Nasci em casa, a mesma onde nascera a minha mãe! A gente nascia em casa. Havia a parteira, que não era coisa rara. E os médicos também e o padrão era nascer em casa. Pelo menos em Nictheroy, Vila Real da Praia Grande.
Não me lembro destes tempos, a não ser por conversas dos familiares. Nascera com a ajuda de fórceps, e tinha uma cicatriz na fronte esquerda perto do olho. Dizem que quando meu pai me viu, comentou: Puxa como é feio. E parece que o consenso geral é que era mesmo. Depois melhorei, fiquei razoavelmente bem apessoado.
Quando tinha três anos meu pai foi estudar engenharia naval no MIT e ficamos 5 anos nos States. Boston e depois Filadélfia. Voltou com mestrado e foi professor do MIT durante um ano.
O inglês foi a língua em que fui alfabetizado. Sotaque nenhum, inglês anasalado de americano!
Imagine minha chegada no Colégio Brasil, aos 8 anos entrando na turma de alfabetização e lendo Tico Tico (nome de revistinha de criança) e dizendo taico taico. Dramático! Era galhofa geral! É ele!
Superei e no fim do semestre já estava na turma de meu nível.

Mais tarde, já como vendedor da IBM junto às universidades (chamavam-nos de representantes técnicos!), recebi ligação de iteano, que estava na Coppe, para reclamar da lentidão da 1620. Estava meio chateado. Rodou o programa e obrigou-me a esperar, junto com ele, pelo traçado do gráfico na plotter. Coisa de vinte minutos. Fique parado olhando uma plotter plotando vinte minutos e sinta o desconforto do tempo. Ta vendo, é uma lesma. Na saída perguntei: França, sem a 1620, quanto tempo você levava para traçar o gráfico? Parou, pensou e deu uma gargalhada: Coisa de uma semana ou mais.
Lembrei-me do ITA onde tínhamos que fazer um root lócus, acho que era esse o nome, e a régua de cálculo fumegava. Quem já usou a régua de cálculo?

No ITA, creio que fomos a primeira turma que teve aula de transistor! Um francês muito bom e gozador. A mudança na tecnologia afetava o currículo.

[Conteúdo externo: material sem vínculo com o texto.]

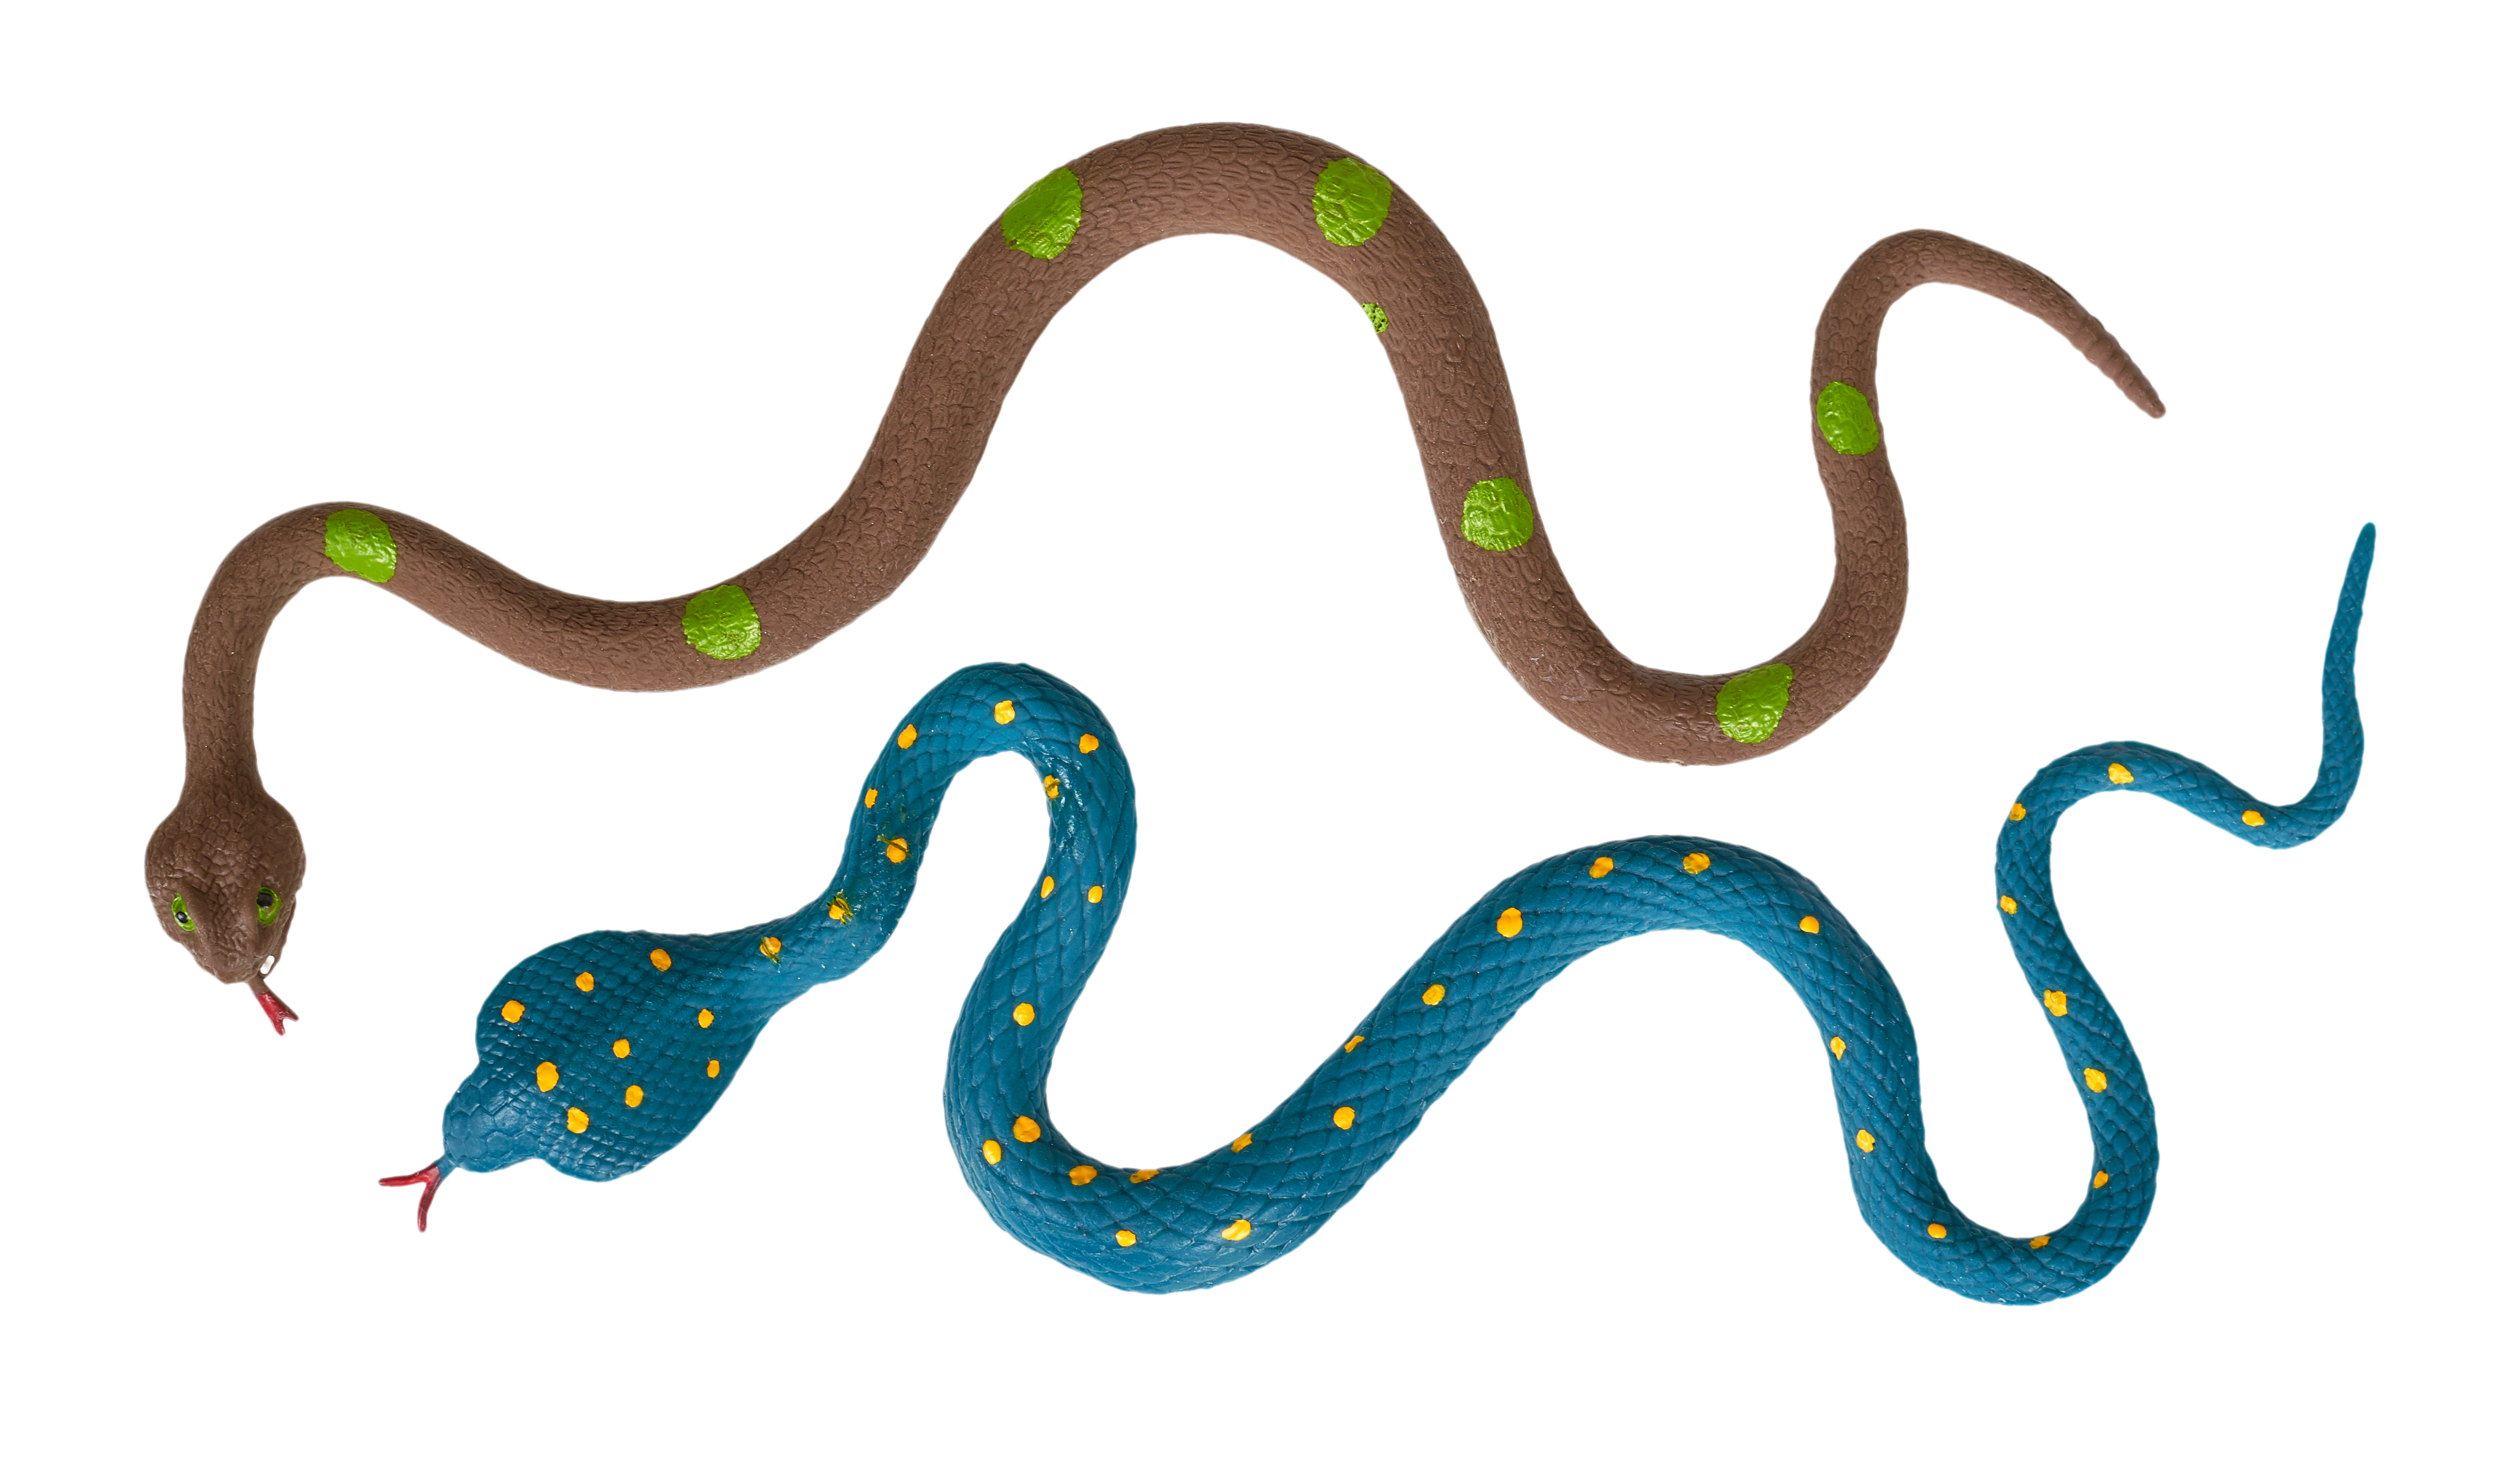 Rubber snakes

Curioso é que nas mudanças radicais, nem sempre o estabelecido prevalece. Em algum canto de minhas vagas lembranças, antes tinha memória, li que nenhum fabricante de veleiro evoluiu para os barcos a vapor, nenhum fabricante de carroceria virou montadora de automóvel e nenhum fabricante de válvula ficou grande no mundo dos transistores e chips.
As próprias razões e técnicas que causaram o sucesso podem dificultar romper com os paradigmas antigos e aceitar os novos. Na vaga lembrança, há um artigo sobre a RCA que mostra a luta dos novos tentando convencer a RCA para investir no transistor e o pessoal da engenharia argumentando que não seria rentável, que a relação ruído com alguma coisa era ridícula e por aí vai. Esqueceram-se de que as novas tecnologias começam pior e rapidamente superam em qualidade e custo a tecnologia anterior, ou não vingam. Tem que vislumbrar a que vai vingar.
O Bill Gates fez isso com a Internet!